All 60 seats to the Regional Council of Piedmont
- Turnout: 71.96% (▼11.02%)
|  | Majority party | Minority party |
| Leader | Enzo Ghigo | Livia Turco |
| Party | Forza Italia | DS |
| Alliance | Pole for Freedoms | The Olive Tree |
| Last election | 33 seats, 39.7% | 18 seats, 35.2% |
| Seats won | 40 | 18 |
| Seat change | +7 | Steady |
| Popular vote | 1,249,840 | 953,163 |
| Percentage | 51.8% | 39.5% |
| Swing | +1.0% | +3.7% |
| President before election Enzo Ghigo FI | President-elect Enzo Ghigo FI |

= 2000 Piedmontese regional election =

Italian local election

The 2000 Piedmontese regional election took place on 16 April 2000. Enzo Ghigo of Forza Italia (FI) was re-elected for the second time in a row as the president of Piedmont, defeating Livia Turco of the Democrats of the Left (DS). His re-election resulted in a landslide, as this time he was also supported by Lega Nord (Northern League).

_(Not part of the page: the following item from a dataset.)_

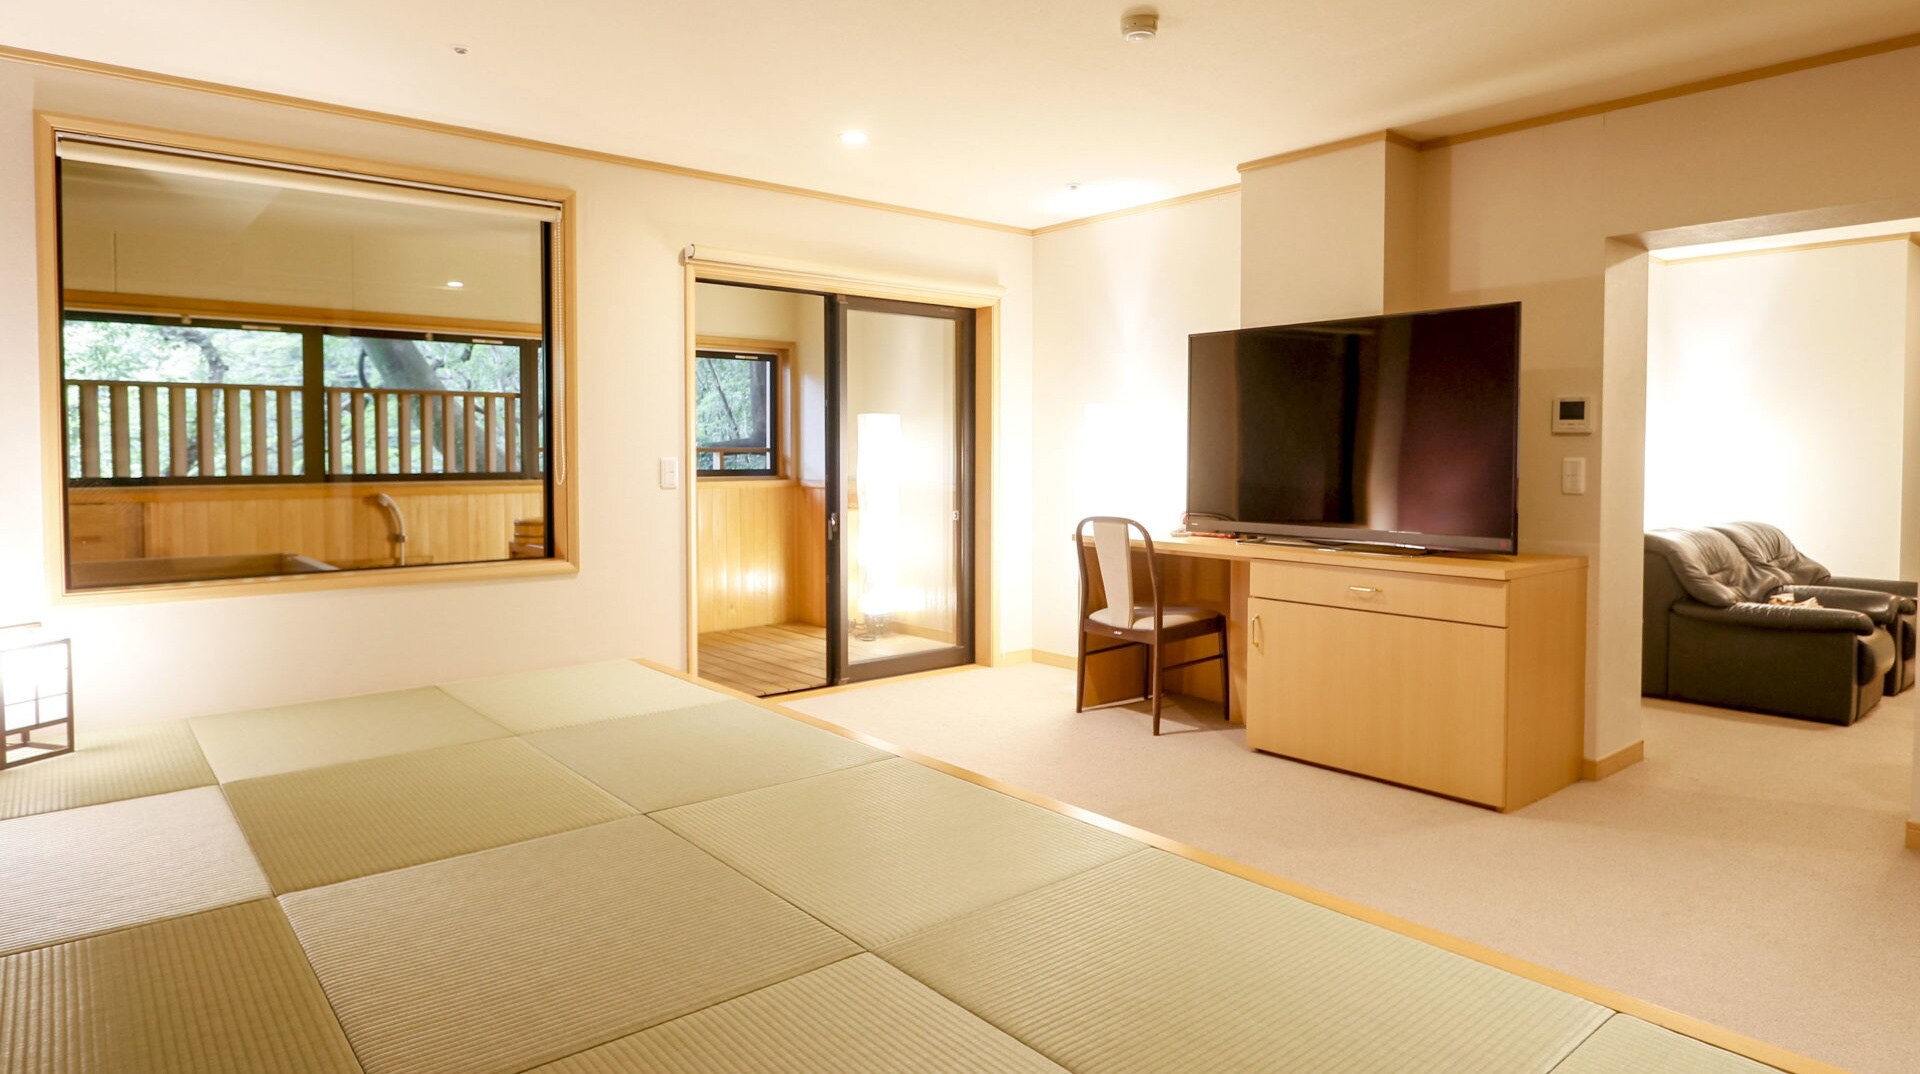 [ฮานาชิโระ: ชิเอ็ง] ห้องสไตล์ญี่ปุ่น-ตะวันตก ประกอบด้วยสามส่วน: ห้องนั่งเล่น ห้องสไตล์ญี่ปุ่น และห้องเล็ก
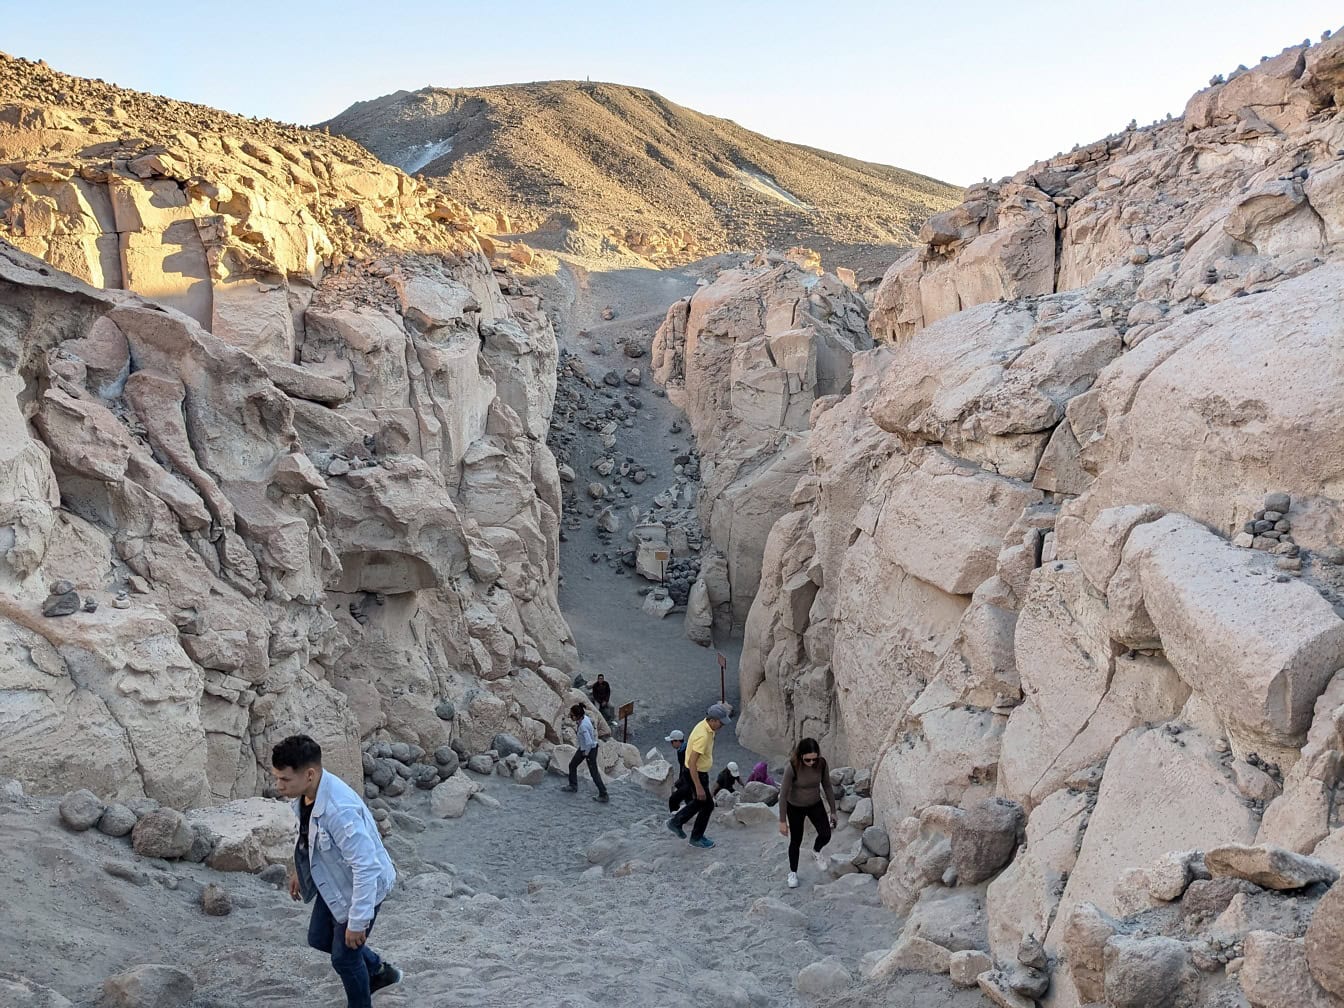 Gruppe af mennesker, der går gennem en canyon i Arequipa i Peru

FI was confirmed as the largest party in the region with an historic 30.8% of the vote, while the DS were the second largest party with 17.7%. Piedmont was confirmed as a stronghold of Bonino List, whose leader Emma Bonino was candidate for president and took 5.7% of the vote.

==Electoral system==
Regional elections in Piedmont were ruled by the Tatarella law, which was approved in 1995 and provided for a mixed electoral system. Four fifths of the regional councilors were elected in provincial constituencies by proportional representation, using the largest remainder method with a Droop quota and open lists, while the residual votes and the unassigned seats were grouped into a single regional constituency, where the whole ratios and the highest remainders were divided with the Hare quota among the provincial party lists; one fifth of the council seats instead was reserved for regional lists and assigned with a majoritarian representation system, in which the leader of the regional list that scored the highest number of votes was elected to the presidency of the region, while the other candidates were elected regional councilors.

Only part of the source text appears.